Legislative Leaders Say They Are Closing In On Budget Deal

By Rachel La Corte, Associated Press

OLYMPIA, Wash. (AP) — With the deadline to avoid a potential government shutdown looming, legislative leaders said Tuesday they are close but have not yet reached final agreement on a new two-year state operating budget.

The Democratic-controlled House and Republican-led Senate have been struggling for months to find compromise on a budget that addresses a state Supreme Court mandate on education funding. They are in the midst of a third overtime session, and if a new budget isn’t signed into law by midnight Friday, a partial shutdown starts July 1.

Democratic Rep. Timm Ormsby, one of the main budget negotiators for the House, said they would need to have an agreement by Wednesday morning to ensure they get the budget to the governor in time. He said that legislative staff would need 48 hours to draft the bill.

While Washington state has never had a partial government shutdown, the Legislature has taken its budget talks to the brink before, including in 2013 and 2015, with budgets not signed by the governor until June 30 both years.

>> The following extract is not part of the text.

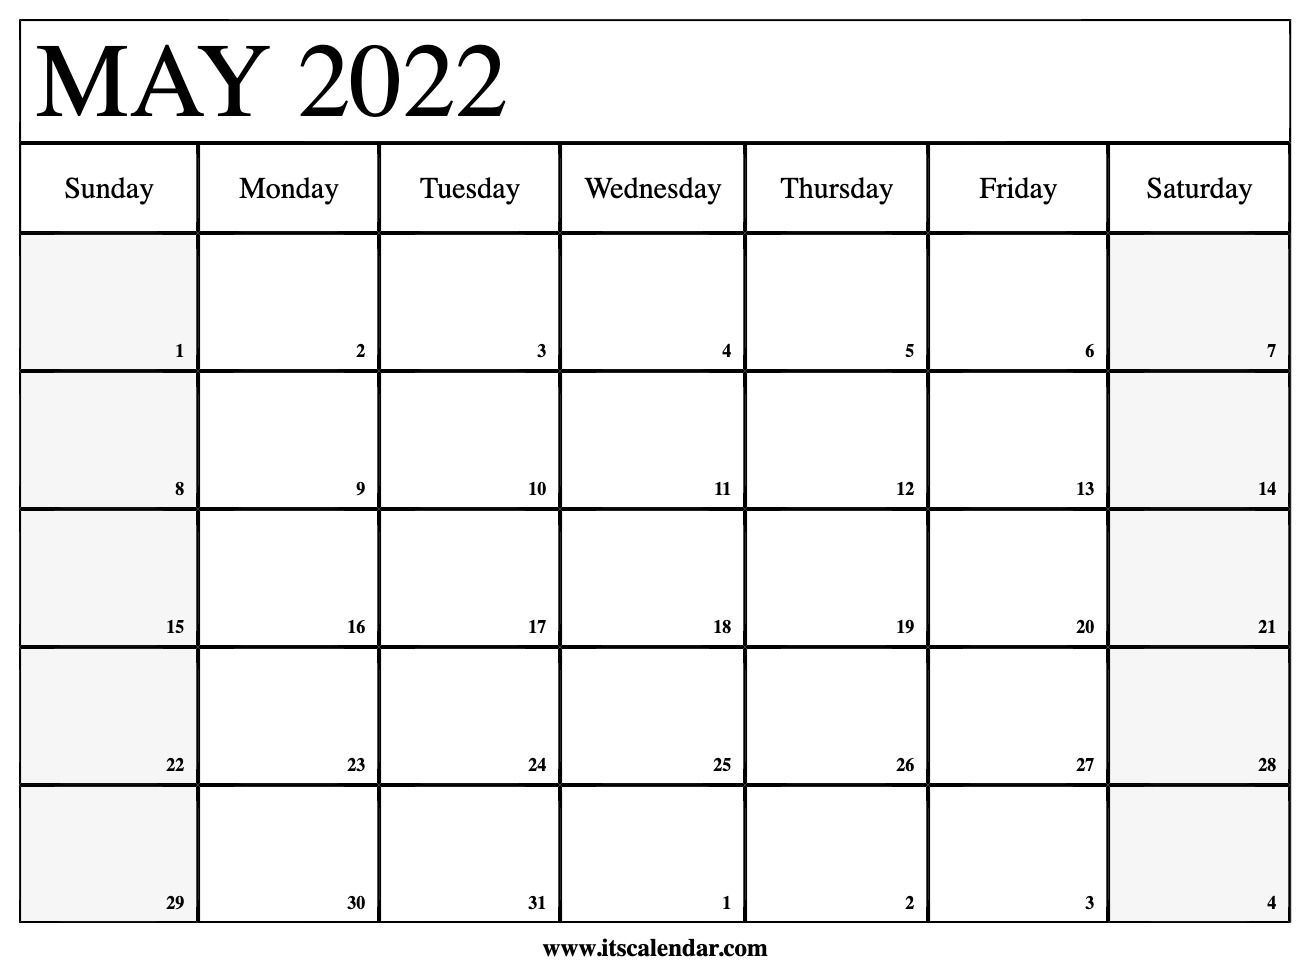 Mt Arlington Public School 2022 Calendar - May Calendar 2022

As for why this is the third time lawmakers are taking budget talks to the precipice of a shutdown, Ormsby said: “this is what divided government looks like.”

But he noted there has been no acrimony among negotiators.

“We’re just representing disparate political philosophies and trying to understand what those are,” he said. “Trying to overcome them has been the work, but the tone has always been good and remains good.”

An added challenge for the Legislature this year is addressing the education component of the budget.

The state has been in contempt of court since 2014 for lack of progress on satisfying a 2012 high court ruling that found that school funding was not adequate. Lawmakers have already put more than $2 billion toward the issue since the ruling, but the biggest piece remaining of the court order is figuring out how much the state must provide for teacher salaries. School districts currently pay a big chunk of those salaries with local property-tax levies. Senate Republicans and House Democrats have disagreed on several areas, including whether or not new taxes are needed.

“This is the most complicated public policy that any of us have seen here in Olympia,” said Republican Senate Majority Leader Mark Schoesler. “Getting it right is really important.”

Contingency plans for a potential shutdown have been ongoing for weeks, and notices went out last week to about 32,000 state workers warning them they will be temporarily laid off if a budget is not in place by the deadline. A partial shutdown would affect everything from community supervision of offenders on probation, to meal services to the elderly to reservations made at state parks.

Gov. Jay Inslee said that the threat of a shutdown is causing considerable anxiety for both state employees and residents who rely on state services.

“We want legislators to be able to focus on relieving that anxiety as soon as possible,” he said.